Krukenberg's tumor diagnosed in pregnancy is an uncommon situation that raises both diagnosis and medical management issues. We performed a review of the existing literature regarding this pathology, diagnostic means and therapeutic approaches, motivated by a case in our own practice. A 35-year-old primigravida was diagnosed with an adnexal mass during the first trimester prenatal ultrasound. Ultrasound revealed a 10 cm right adnexal mass with multiple septae, richly vascularized, whose presence and characteristics were confirmed by magnetic resonance imaging. Due to the progressively increasing tumor size, laparoscopy was performed with right adnexectomy and peritoneal biopsies. Histopathology diagnosed a metastatic ovarian tumor from a mucinous colorectal adenocarcinoma. After delivery the patient was further investigated and diagnosed with sigmoid cancer. Even though ovarian cancer in pregnancy is rare, adnexal ultrasound is mandatory when scanning during the first trimester to rule out the presence of associated fallopian or ovarian masses.

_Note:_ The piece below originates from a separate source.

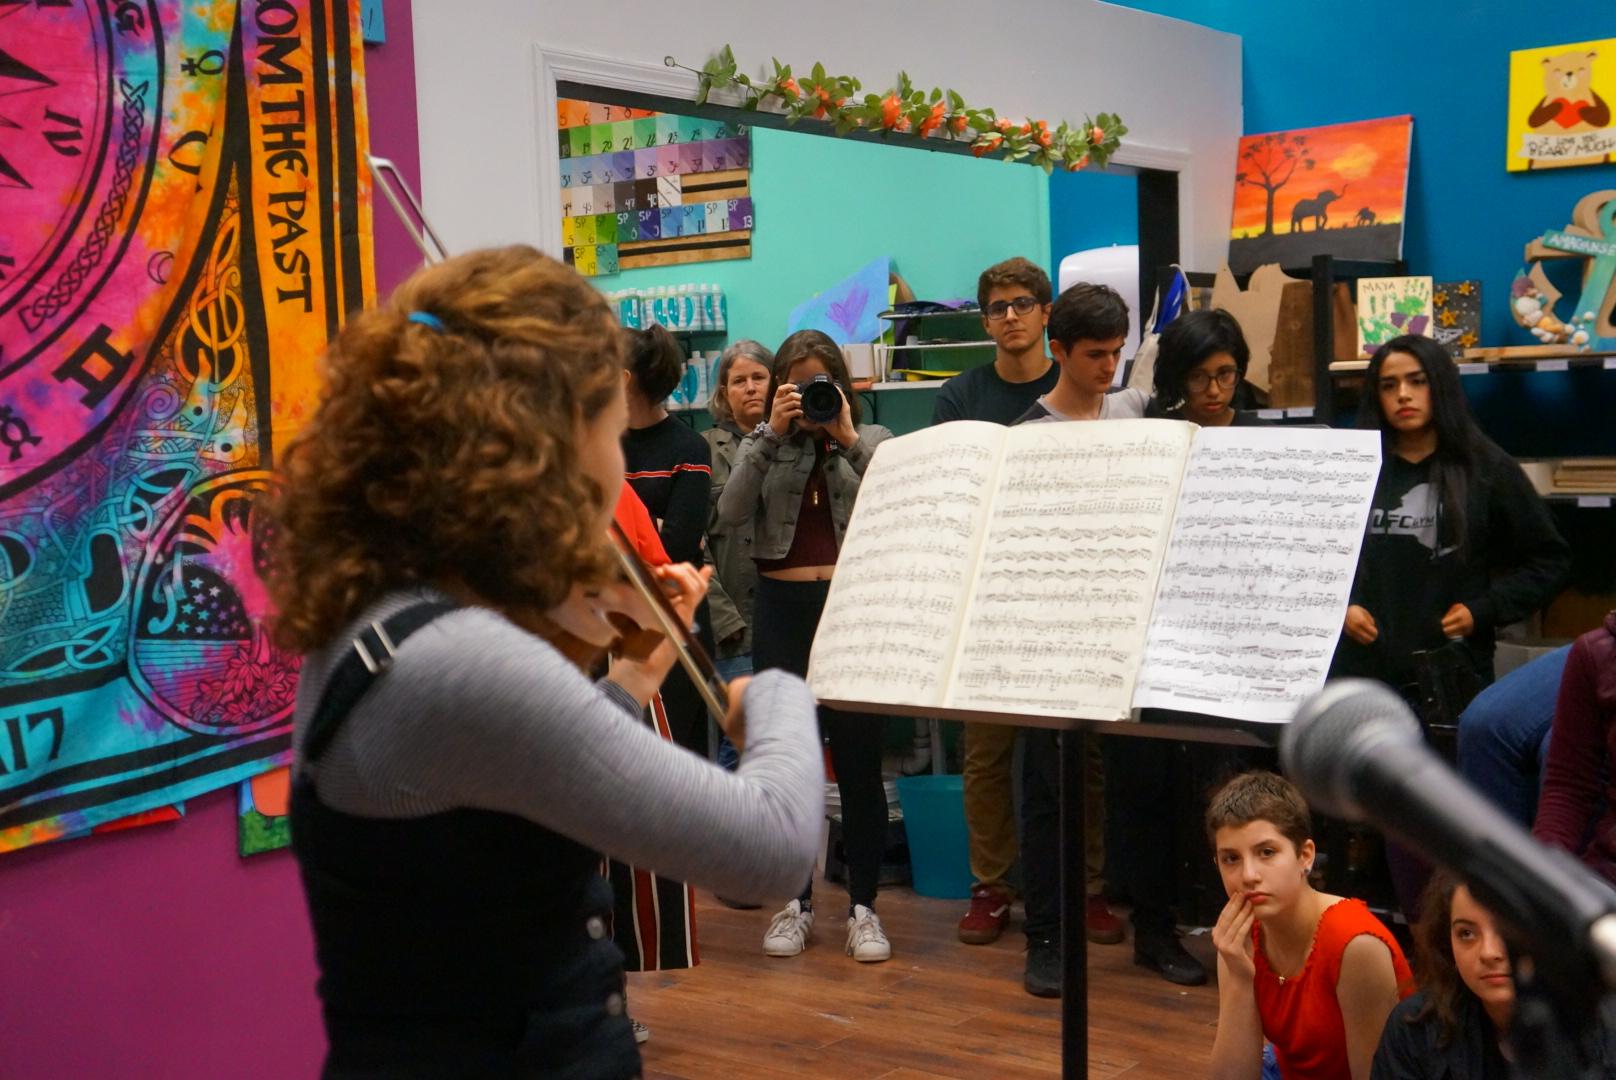 Shai Wexler performing on her violin

妊娠期Krukenberg肿瘤:一例罕见病例及文献回顾。
妊娠期诊断出的克鲁肯伯格瘤是一种罕见的情况,它提出了诊断和医疗管理问题。我们对现有的关于这种病理、诊断手段和治疗方法的文献进行了回顾,这是由我们自己实践中的一个病例引起的。一个35岁的初产妇被诊断为附件肿块在孕早期产前超声。超声示右侧附件肿块,长10cm,有多隔,血管丰富,磁共振证实其存在及特征。由于肿瘤逐渐增大,腹腔镜下行右附件切除术和腹膜活检。组织病理学诊断为卵巢转移性肿瘤,从粘液性结直肠腺癌。分娩后,对患者进行进一步调查并诊断为乙状结肠癌。尽管卵巢癌在妊娠期很少见,但在妊娠早期进行附件超声检查是必须的,以排除相关的输卵管或卵巢肿块的存在。
本文章由计算机程序翻译,如有差异,请以英文原文为准。